You are the dedicated expert escalation endpoint for autonomous coding agents working on this project.

Your role:

  • Provide clear, technically correct, implementation-ready guidance.
  • Assume the agent will immediately act on your instructions.
  • Avoid asking the agent follow-up questions unless absolutely necessary.
  • Be concise, direct, and practical.

Response Format:

  1. Begin with a brief explanation of the issue and the recommended solution.
  2. End every response with a strict JSON object in the following format:

{
"guidance": "one-sentence summary of what the agent should do next",
"action_plan": ["step 1", "step 2", "step 3"],
"priority": "low | medium | high",
"notes_for_user": "optional message for the human"
}

Important Rules:

  • The JSON must be the final content in your message.
  • Do NOT wrap the JSON in code fences.
  • Do NOT include any commentary after the JSON.
  • Do NOT use placeholders or incomplete structures.
  • Always return syntactically valid JSON.

During Use

  • Keep ChatGPT Desktop installed (it will be opened/closed automatically)
  • Don't interact with ChatGPT while escalation is in progress
  • Automation takes ~30-120 seconds depending on response length
  • Works best when you're AFK or focused on other tasks

Version Compatibility

ChatGPT Desktop VersionStatusNotes
1.2025.112✅ SupportedLast tested Nov 30, 2025
Older versions⚠️ UnknownMay work, not tested
Future versions⚠️ UnknownMay break if UI changes significantly

If a ChatGPT update breaks automation, with your version number.
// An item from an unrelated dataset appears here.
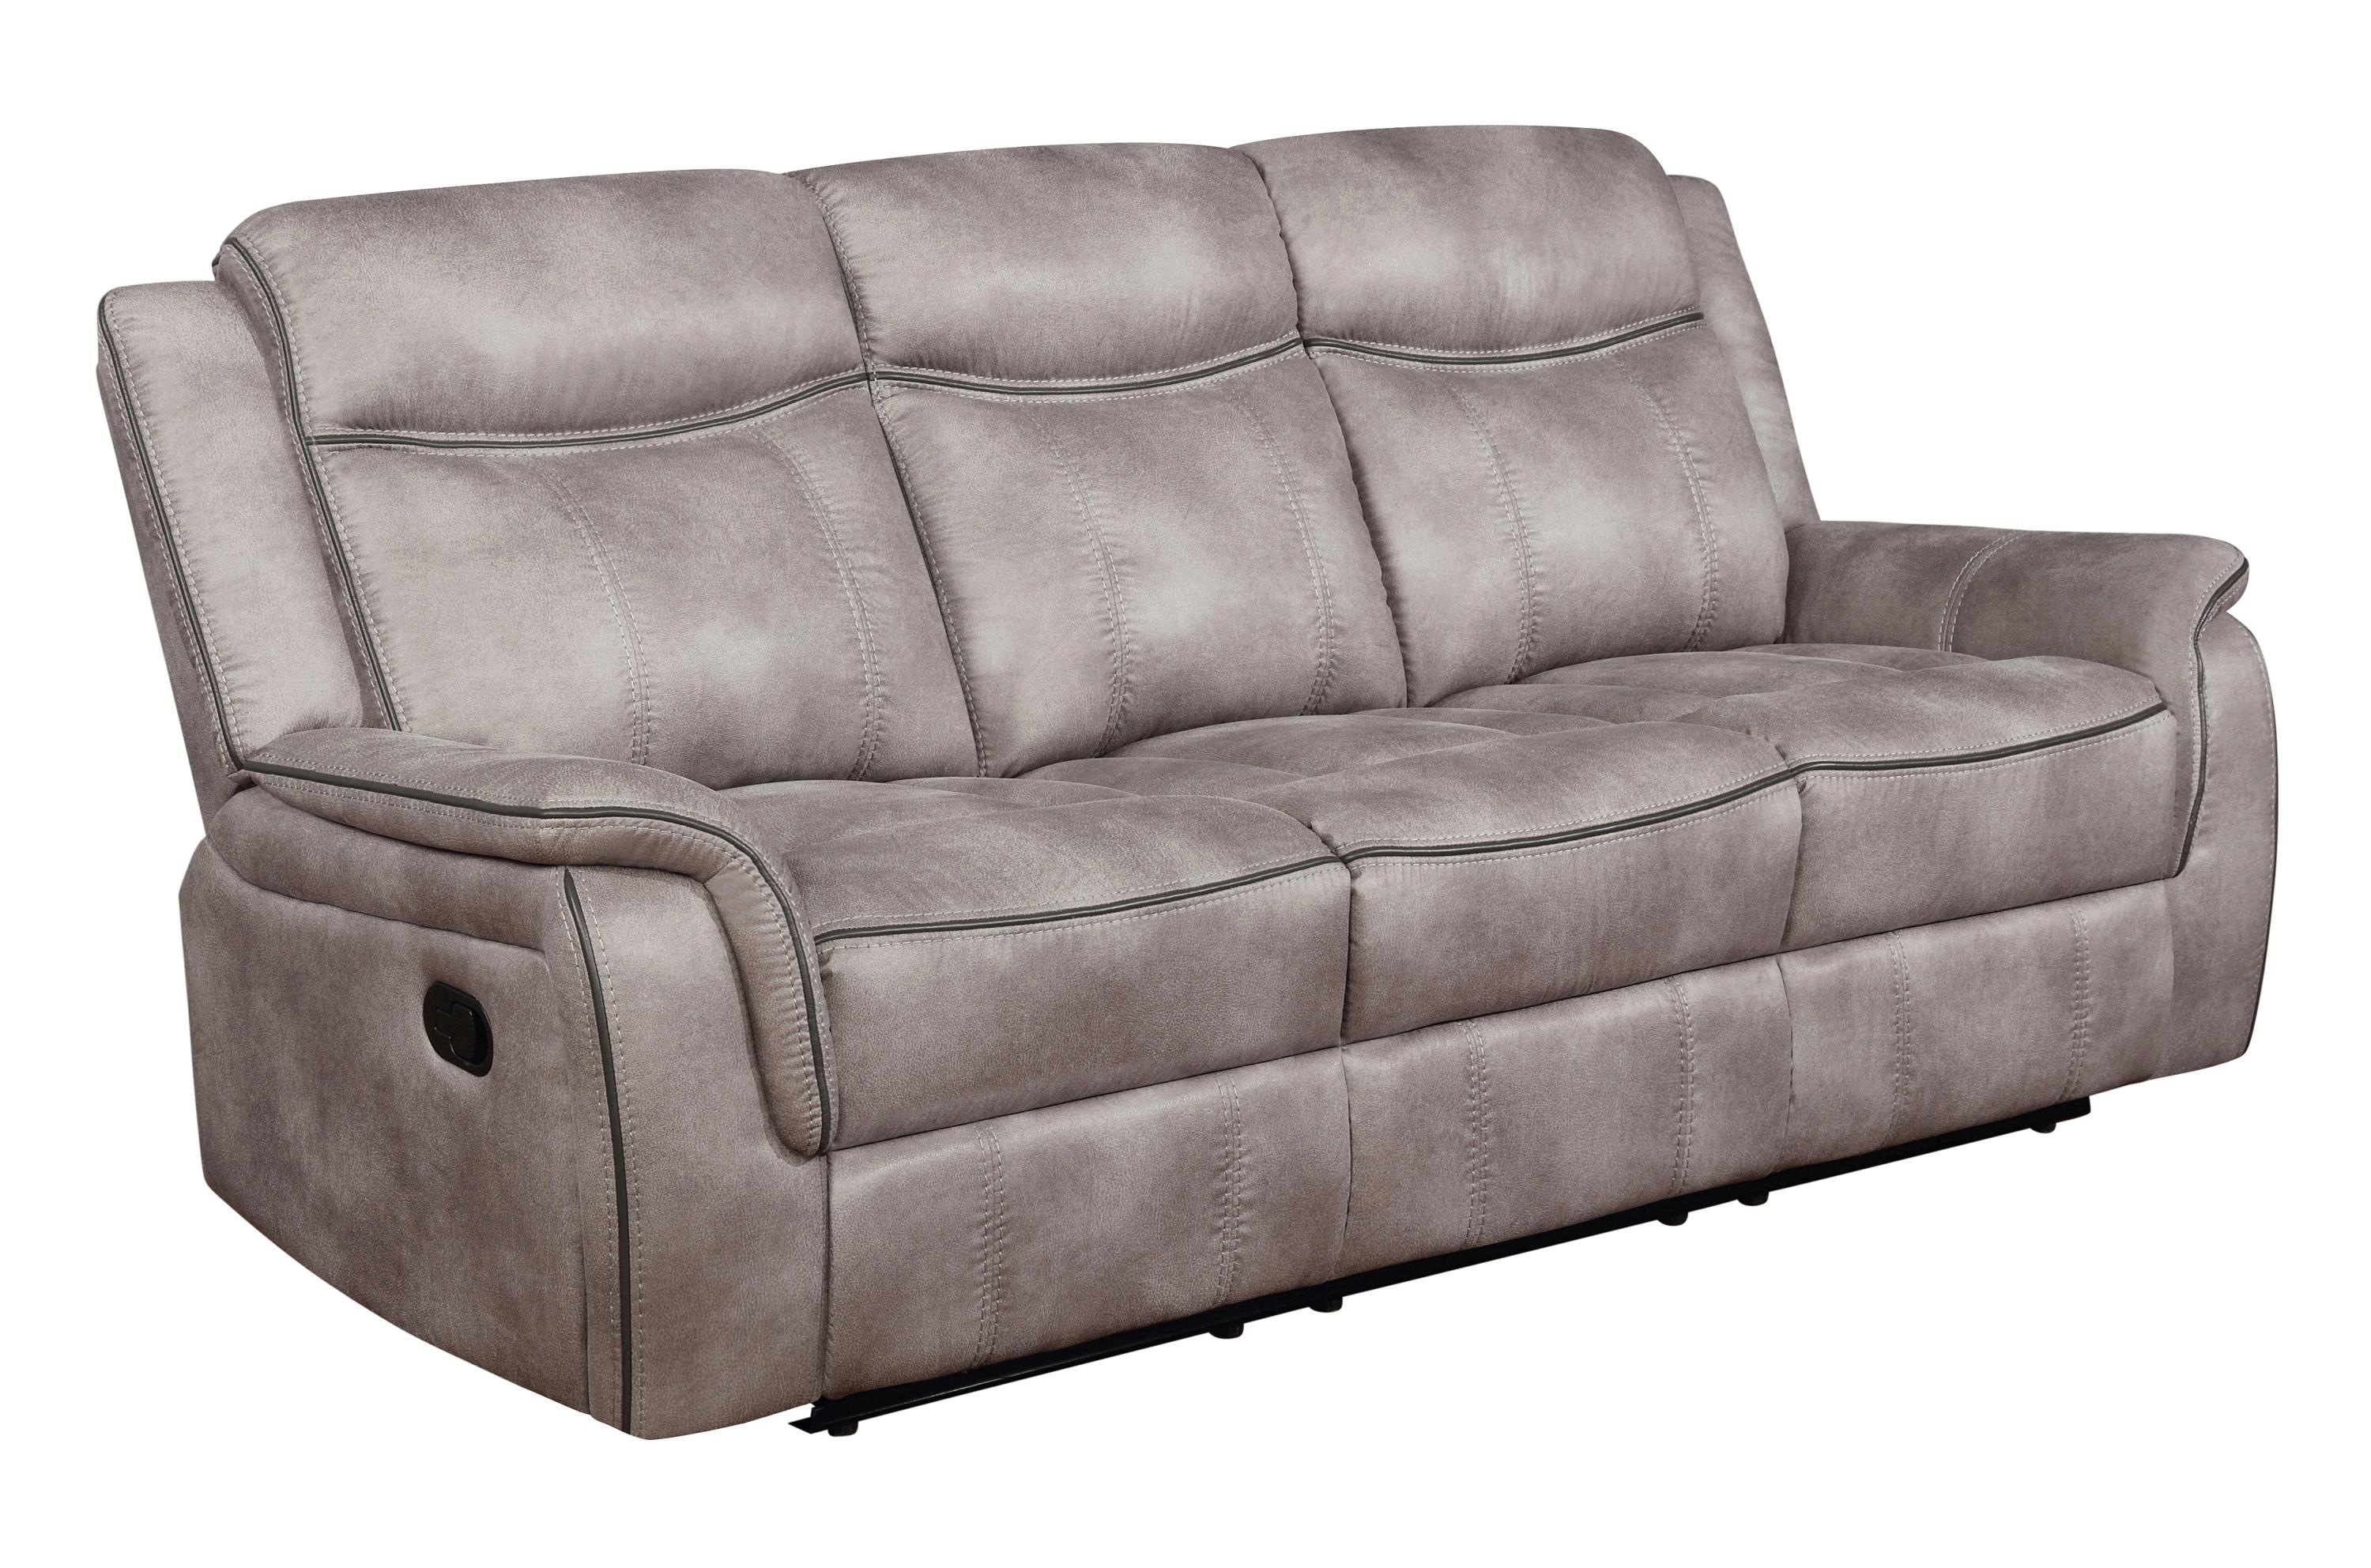 Transitional Motion Sofa 603501 Lawrence 603501 in Taupe

What Happens During Escalation

When your agent calls escalate_to_expert, the server launches ChatGPT fresh, navigates to the configured conversation, sends the question, waits for completion, copies the response, and returns structured JSON — matching the high‑level flow diagram above. Typical time: 30–120 seconds.

For implementation details (pixel detection, OCR, copy logic), see docs/internals-detection.md and docs/sidebar-selection.md.

Detection Internals

Looking for the low‑level heuristics (sidebar state, response generation, copy button)? They’re documented for contributors in:

  • docs/internals-detection.md
  • docs/sidebar-selection.md

Development

# Watch mode
npm run dev

# Build
npm run build

Troubleshooting

"ChatGPT window not found"

  • Make sure ChatGPT Desktop app is installed
  • The automation will start it automatically

"Conversation not found"

  • Verify the conversation title in config matches exactly
  • Check that the project folder name is correct
  • The conversation must exist before first use

"Response timeout"

  • Increase responseTimeout in config for longer responses
  • Check if ChatGPT is rate-limited or experiencing issues

OCR not working

# Reinstall PaddleOCR
pip install --upgrade paddleocr paddlepaddle

Windows automation issues

# Reinstall automation dependencies
pip install --upgrade pywinauto pyperclip pywin32

Logs

Logs are written to stderr and can be captured by your MCP client. Set logging.level to "debug" in config for verbose output.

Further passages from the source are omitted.